B. Dormant Commerce Clause

The Commerce Clause of the United States Constitution assigns to Congress the authority [t]o regulate Commerce with foreign Nations, and among the several States.” U.S. Const. art. I, § 8, cl. 3. Implicit in this “affirmative grant of regulatory power to Congress is a ‘negative aspect,’ referred to as the dormant Commerce Clause.” Conservation Force, Inc. v. Manning, 301 F.3d 985, 991 (9th Cir.2002). The dormant Commerce Clause is a “limitation upon the power of the States,” Great Atl. & Pac. Tea Co. v. Cottrell, 424 U.S. 366, 371, 96 S.Ct. 923, 47 L.Ed.2d 55 (1976) (internal quotation marks omitted), which “prohibits discrimination against interstate commerce and bars state regulations that unduly burden interstate commerce,” Quill Corp. v. North Dakota, 504 U.S. 298, 312, 112 S.Ct. 1904, 119 L.Ed.2d 91 (1992) (citation omitted). This principle ensures that state autonomy over “local needs” does not inhibit “the overriding requirement of freedom for the national commerce.” Great Atl. & Pac. Tea Co., 424 U.S. at 371, 96 S.Ct. 923 (internal quotation marks omitted).
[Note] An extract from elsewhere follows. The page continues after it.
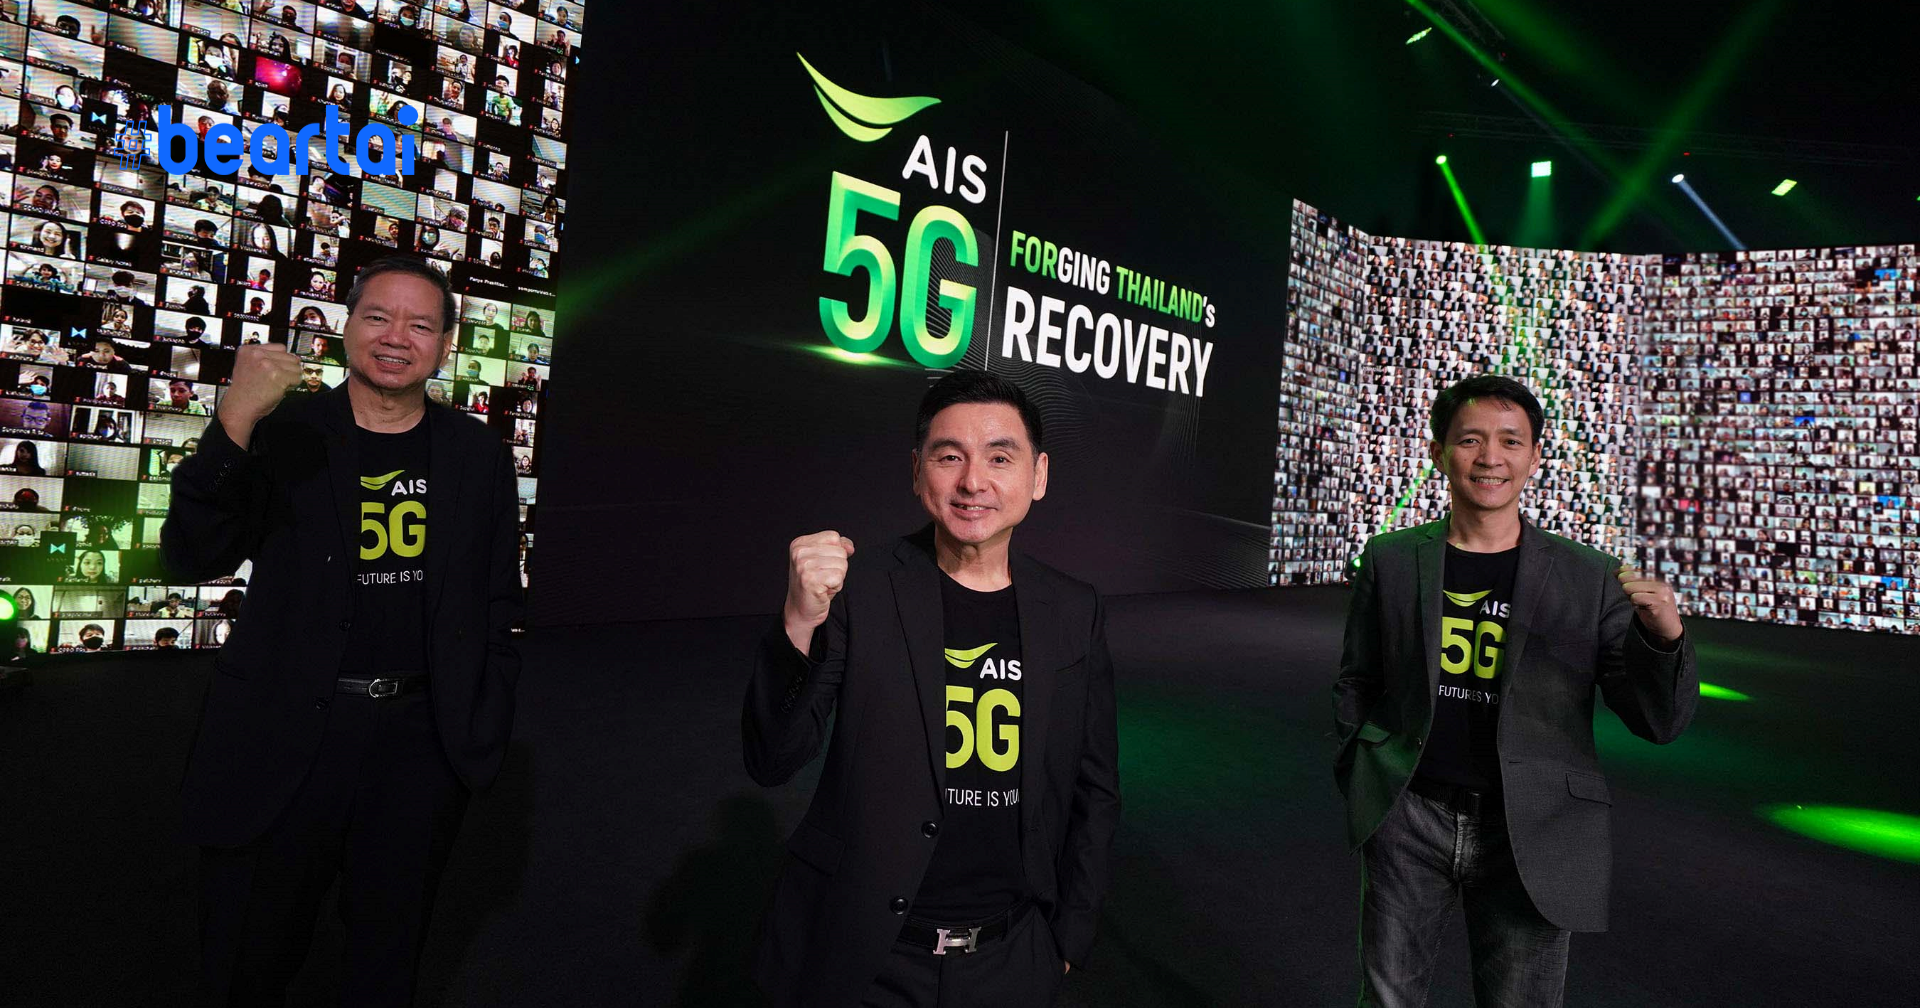 AIS 5G ร่วมฟื้นฟูประเทศไทย เดินหน้า Digital Infrastructure เพื่อการพัฒนาอย่างยั่งยืน

California's Resale Royalty Act requires the payment of royalties to the artist after a sale of fine art whenever “the seller resides in California or the sale takes place in California.” Cal. Civ.Code § 986(a) (emphasis added). Defendants challenge the first clause because it regulates sales that take place outside California. Those sales have no necessary connection with the state other than the residency of the seller. For example, if a California resident has a part-time apartment in New York, buys a sculpture in New York from a North Dakota artist to furnish her apartment, and later sells the sculpture to a friend in New York, the Act requires the payment of a royalty to the North Dakota artist—even if the sculpture, the artist, and the buyer never traveled to, or had any connection with, California. We easily conclude that the royalty requirement, as applied to out-of-state sales by California residents, violates the dormant Commerce Clause.

The Supreme Court has held that “our cases concerning the extraterritorial effects of state economic regulation stand at a minimum for the following proposition[ ]: ... the Commerce Clause precludes the application of a state statute to commerce that takes place wholly outside of the State's borders, whether or not the commerce has effects within the State.” Healy v. Beer Instit., 491 U.S. 324, 336, 109 S.Ct. 2491, 105 L.Ed.2d 275 (1989) (ellipsis and internal quotation marks omitted); see also id. (holding that “a statute that directly controls commerce occurring wholly outside the boundaries of a State exceeds the inherent limits of the enacting State's authority and is invalid regardless of whether the statute's extraterritorial reach was intended by the legislature). Here, the state statute facially regulates a commercial transaction that “takes place wholly outside of the State's borders.” Id. Accordingly, it violates the dormant Commerce Clause. See also Valley Bank of Nev. v. Plus Sys., Inc., 914 F.2d 1186, 1189–90 (9th Cir.1990) (“Direct regulation occurs when a state law directly affects transactions that take place ... entirely outside of the state's borders. Such a statute is invalid per se....” (citation and internal quotation marks omitted)).